In this repo there is a tool to produce dasm output from the JIT (jit-dasm), one to analyze results (jit-analyze), one to find and copy down tool drops from the CI, and a driver to pull them all together to make a diff run. With this base functionality most common dev flows can be implemented. These will enable you to evaluate and describe the effect of your changes across significant inputs. The first, jit-dasm, is the tool that knows how to generate assembly code into a *.dasm file. It's intended to be simple. It takes a base and/or diff crossgen and drives it to produce a *.dasm file on the specified output path. jit-dasm doesn't have any internal knowledge of frameworks, file names or directory names, rather it is a low level tool for generating disassembly output. jit-diff, the driver, on the other hand knows about interesting frameworks to generate output for, understands the structure of the built test tree in CoreCLR, knows where the different toolsets are kept, and generally holds the "how", or the policy part, of a diff run.
With this context, jit-diff drives the jit-dasm tool to make an output a particular directory structure for coreclr. With this in mind what follows is an outline of a few ways to generate diffs for CoreCLR using the jitutils. This is a tactical approach and it tries to avoid extraneous discussion of internals. A note on defaults: jit-diff and jit-format understand an environment variable, JIT_UTILS_ROOT, that refers to a directory that contains a default config file in the json format. This location, and the defaults in the config file can be used to simplify the command lines that are outlined below. For the purposes of introduction the full command lines are shown below, but in the configuration section there is a discussion of how to include the defaults to simplify the command lines and the overall dev flow.

Basic jit-diff commands:

$ jit-diff --help
usage: jit-diff <command> [<args>]

    diff       Run asm diff of base/diff.
    list       List defaults and available tools asmdiff.json.
    install    Install tool in config.

In the following scenarios we will be focusing on the diff command. The list and install commands are outlined in the configuration section.
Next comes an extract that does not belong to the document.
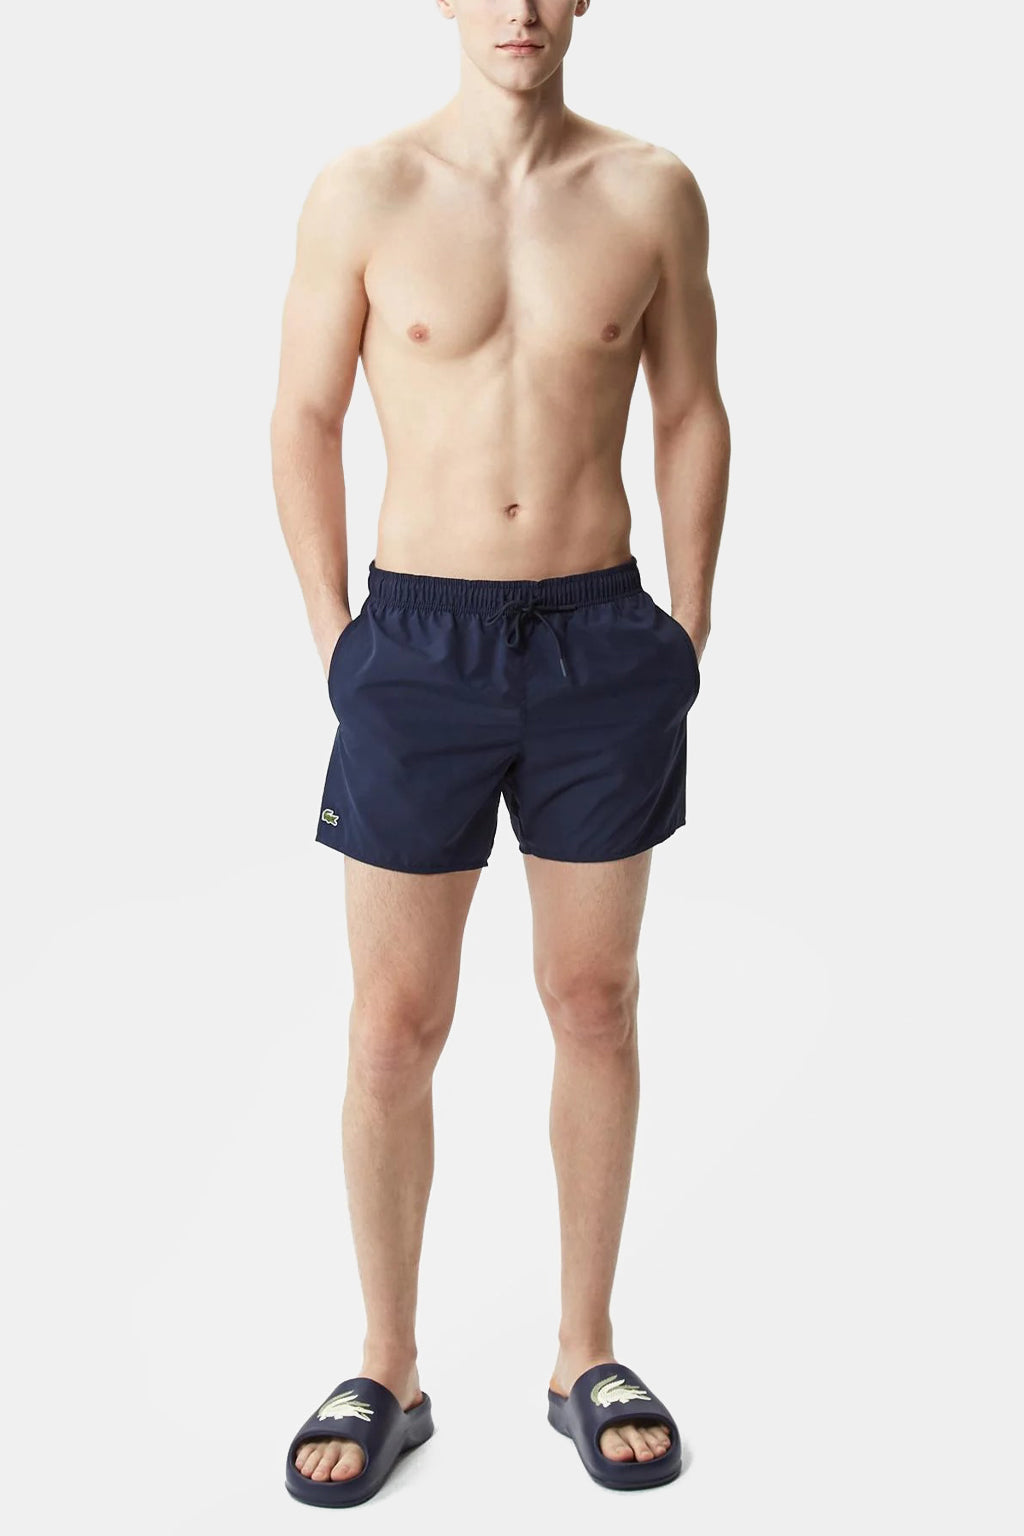 Lacoste - Lacoste Men's Light Quick-Dry Swim Shorts

Producing diffs for CoreCLR

Today there are two scenarios within CoreCLR depending on platform. This is largely a function of building the tests and Windows is further ahead here. Today you have to consume the results of a Windows test build on Linux and OSX to run tests and the set up can be involved. (See CoreCLR repo unix test instructions here) This leads to the following two scenarios.

Scenario 1 - Running the mscorlib and frameworks diffs using just the assemblies made available by jitutils.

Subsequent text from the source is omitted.